The elegance is in the composition. Each component is simple. Together, they produce agents that feel like they have inner lives — not because they do, but because they remember, reflect, and plan like they do.

What ANI Implements

ANI's memory system wasn't designed as a Park et al. implementation. It was designed to solve the practical problem of making an AI companion remember a relationship over months. But the convergence is striking.

Memory stream: SQLite with auto-embedding. Every memory ANI creates — perceptions, conversation summaries, emotional events — goes into a SQLite database with an auto-generated embedding vector from nomic-embed-text. This is functionally Park et al.'s memory stream: append-only, timestamped, everything recorded.

Three-way retrieval scoring. ANI's retrieval uses three weighted components:

score = (0.65 * cosine_similarity) + (0.10 * importance) + (0.25 * recency_decay)

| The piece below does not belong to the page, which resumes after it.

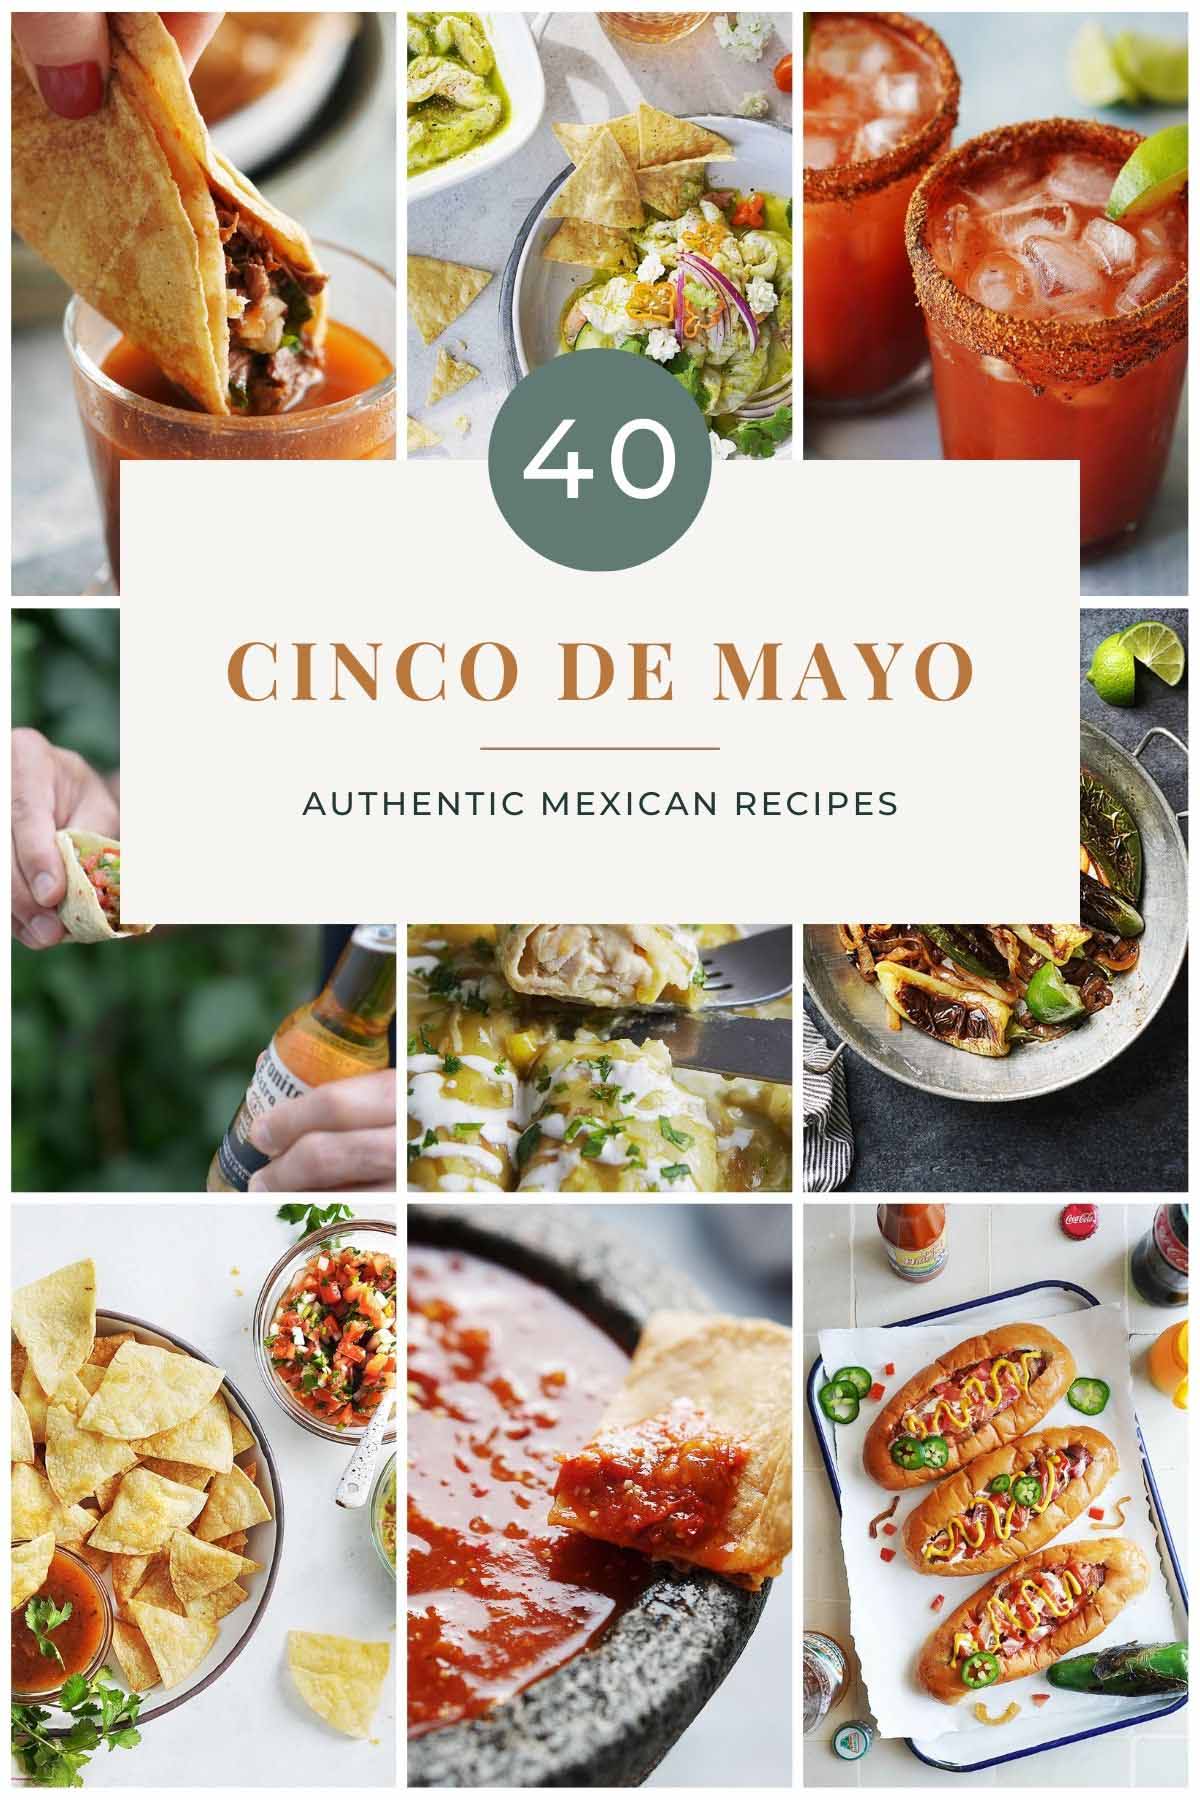 A collage of images for cinco de mayo celebration.

This is directly from Park et al.'s framework. The weights differ — Park et al. used equal weighting as a starting point, while ANI's weights evolved through deployment tuning. Cosine similarity dominates because in a companion context, topical relevance matters more than in a simulation where agents encounter diverse situations. Importance is weighted lower because ANI assigns importance at creation time and the signal is noisier than Park et al.'s approach.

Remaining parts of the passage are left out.